# Synequin - Anyone tried it?



## RubyR (13 December 2007)

My vet has given me a tub of Synequin joint supplement for my horse. (Didn't realise how wexpensive it was until I looked it up on the Internet!!! - oh well). Just wanted to know what people's thoughts are on it? I can be a bit sceptical about the effectiveness of supplements, so wondered what people's experiences were. Good or bad?


----------



## tillyd (13 December 2007)

Hello, I am pretty sure it has helped my horsie. But not my bank balance....!


----------



## JanetGeorge (14 December 2007)

My vet used to recommend it - until I pointed him at Riaflex Complete and he found that the latter had a slightly better spec for a third of the price.  Guess what he recommends now?


----------



## woolly (14 December 2007)

we used Synoquin on our dog all his life after an OCD operation and it was amazing at a goodly dose ( he was a giant breed) We recommended the Synequin to friends for horses and they too are very pleased.

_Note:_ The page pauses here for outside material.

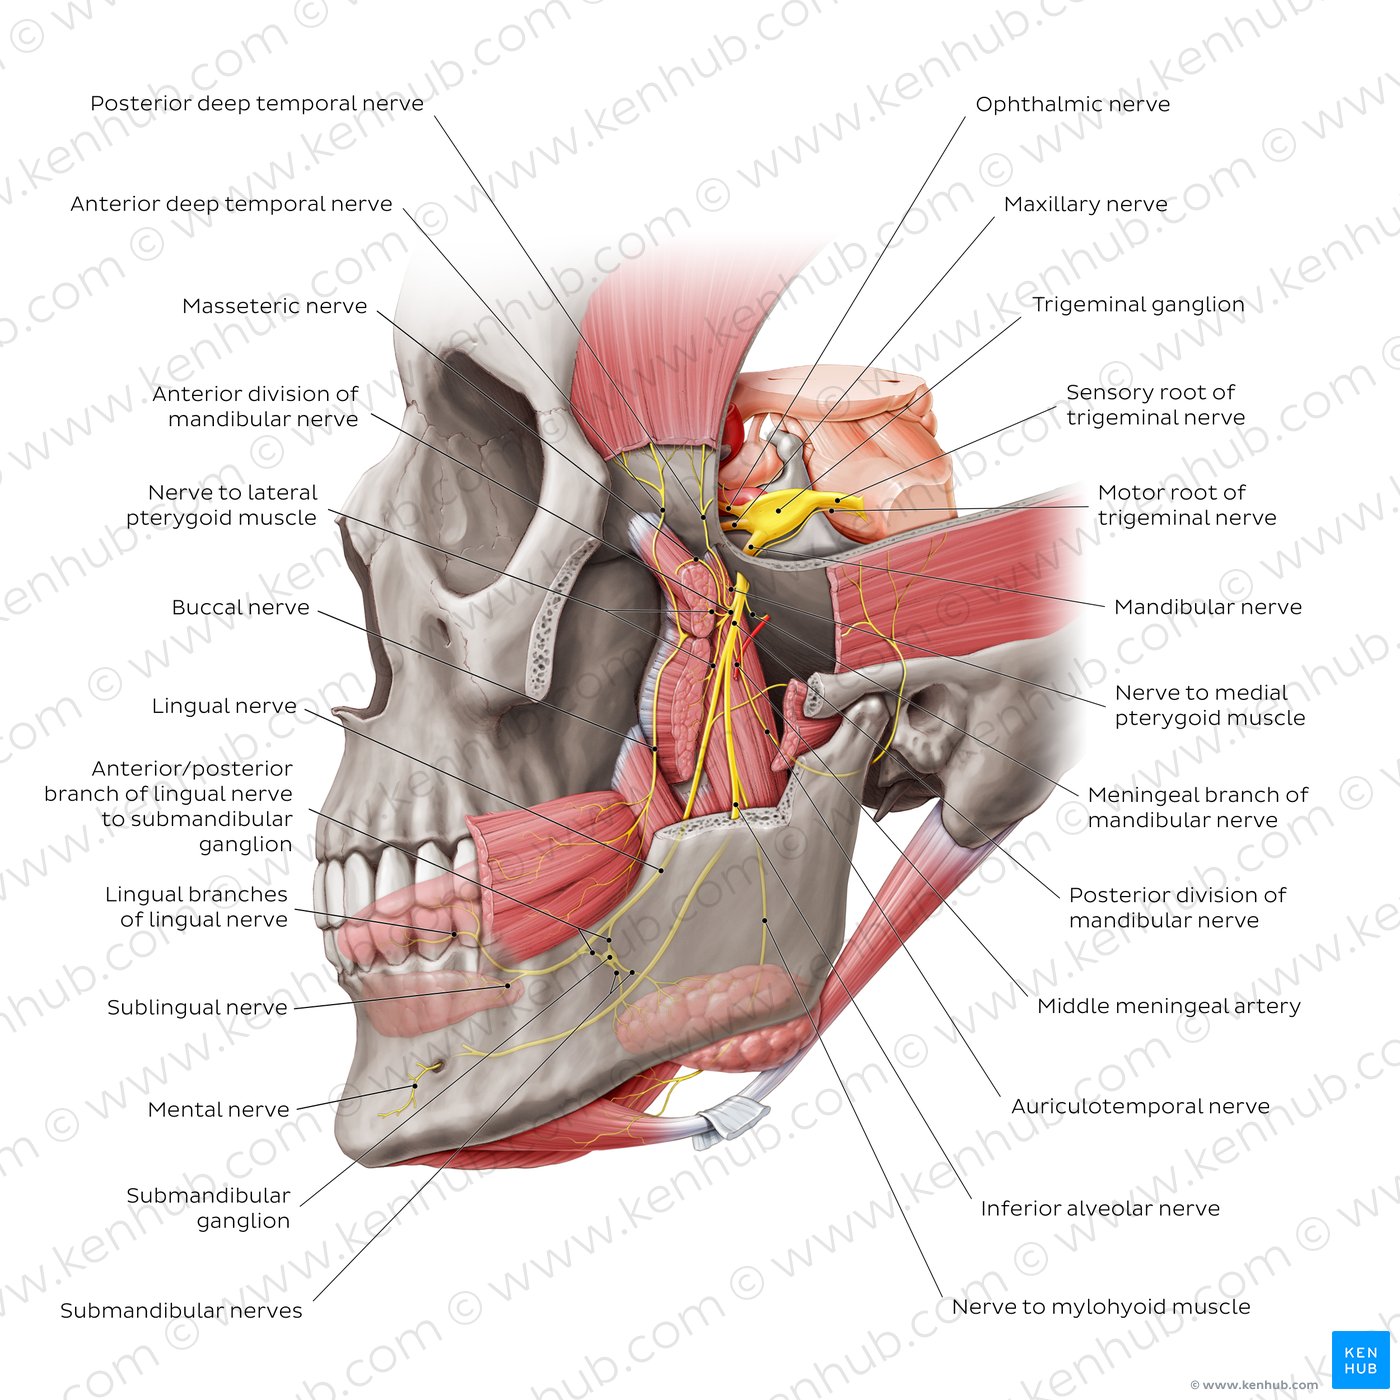 Origin and course of the mandibular nerve

They use it at Longleat on the Tigers and gorillas as it is pretty good stuff!(irrelevant fact but mildly interesting!)


----------



## rebs (14 December 2007)

Am currently using Synequin. My horse has come sound, but not sure if that's due to the remedial farriery, the Synequin or stopping doing any roadwork, so hard to say. I might give the Riaflex a try if its a third of the price and a better spec as between the farriery and the hoof supplements and the Synequin its costing me an absolute fortune!!


----------



## Andy66 (14 December 2007)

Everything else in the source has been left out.